So Envoy tells Mixer, sort of the roar,
it basically sends it the headers of the transaction
that's gone through.
And then Mixer will send that.
Mixer is configurable, so you can say,
all right, I've got a Prometheus server over there
and an older Graphite server over there.
Both of those want metrics.
And my logging server is Elasticsearch over there
and so forth. So that's what Mixer does. It's a central aggregation point for real-time
policy and for observability. The next major component is, I think, called Citadel. So that
deals with the security. The Istio sidecars can give you mutual TLS between all your pods. So if you think about a normal microservices setup, you tend to either not do TLS,
you just do an HTTP, plain HTTP call between pods,
and you sort of make an argument about defense in depth saying,
well, I'm in a Kubernetes overlay network in a VPC, it's fine.
But MTLS certainly doesn't hurt.
Or you would do TLS by giving again giving netty
some certificates and maybe you get one-way tls and you kind of bake these things in when you
build the application and they expire after a year and they never get rotated all of those
are sort of bad security practices so istio can do can set up the tls tunnels for you
mutual tls so a verification of both, short-lived certificates that are regularly
cycled. All of this stuff is totally possible manually, right? You just have to write the code.
So Istio has done that for you. And Citadel is the component that mints those certificates
and issues them or rotates them. There's another couple of things that are sort of down in the
weeds of making the system work. They're probably not that important. I guess the only other thing
I'd mention is the sidecar injector. So this isn't really an Istio component. This is leaning
on a Kubernetes feature, a mutating webhook admission controller, if anybody's familiar
with those, which basically says, again, that the developer experience gets to be better.
So as a developer or an operator, I write a Kubernetes YAML file saying, this is my deployment,
and all of my pods have one container in them, which is my application code. You don't mention the sidecar,
you don't have to know it's going to be there. And when that YAML document is submitted to the
Kubernetes API server, this mutating Webhook and Mission Controller modifies that document and
says, I'm going to add another container to the containers list in the pod spec, which is the Istio sidecar container.
And as I said, that's free and that's transparent.
And that's done on a Kubernetes system by Istio hooking this powerful Kubernetes feature.
Pretty cool.
Hey, Matt, thank you so much for the overview.
I mean, that was, I think, at least for me, I mean, also looking at the architectural
diagrams, I i suggest people
that are listening to this maybe listening to this again just open up the architectural diagram
because it really makes a lot of sense the way you explain it um i also like a lot you know the
flexibility that mixer gives you um and uh obviously then implementing or enabling a lot
of the features we i think we all need to think about when in large distributed systems,
you know, everything that around traffic control, as you said,
enforcing rate limits and all that stuff.

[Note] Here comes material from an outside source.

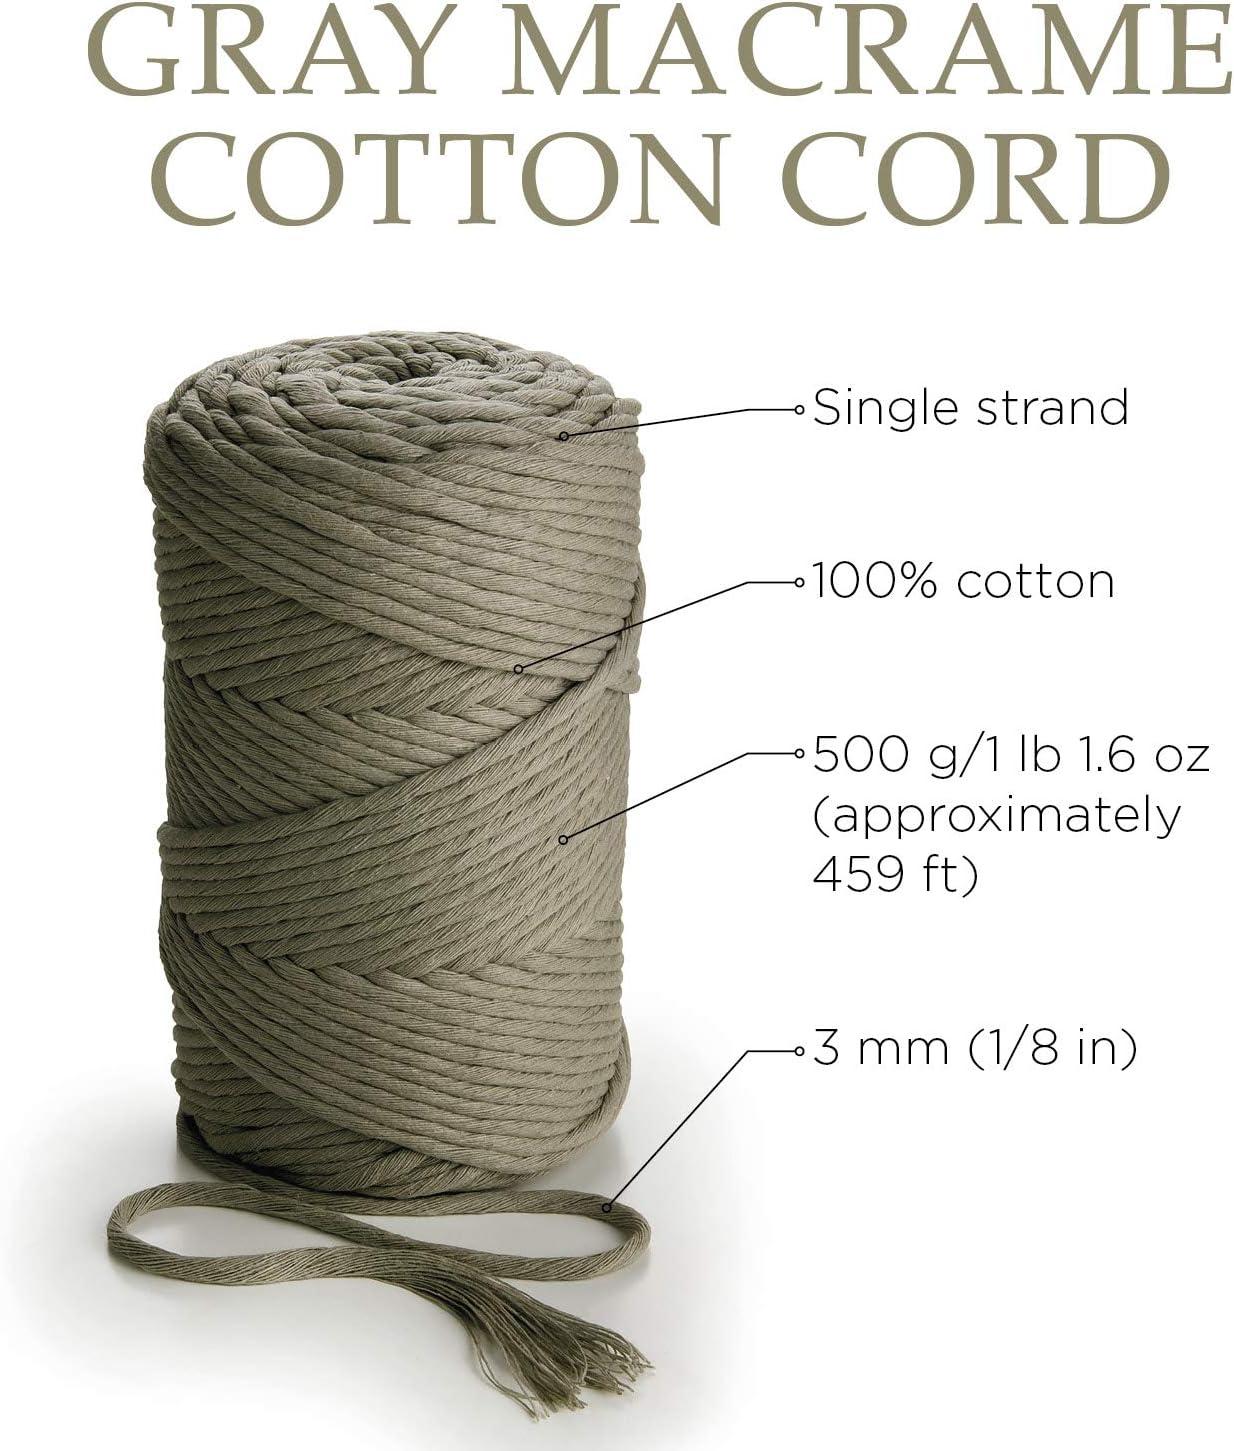 31-MIDNIGHT BLUE Macrame Cotton String 100/% Cotton Super Soft String 5mm Coloured Macrame String Single Twist 1kg

Now we didn't just introduce or invite you just to give a quick overview of
Istio. I think I also want to learn from you,
especially with the work you do right now,
because I think you help organizations, you especially with with the work you do right now because i think you help
organizations um you know with with with this deal and with with microservice architectures
can you maybe give us give us a little insight in what are people struggling with uh what are
the problems people face uh what should people you know be be aware of when they go down that road of a service mesh or in particular
with Istio?
Why would they also maybe reach out to you again and ask for more feedback?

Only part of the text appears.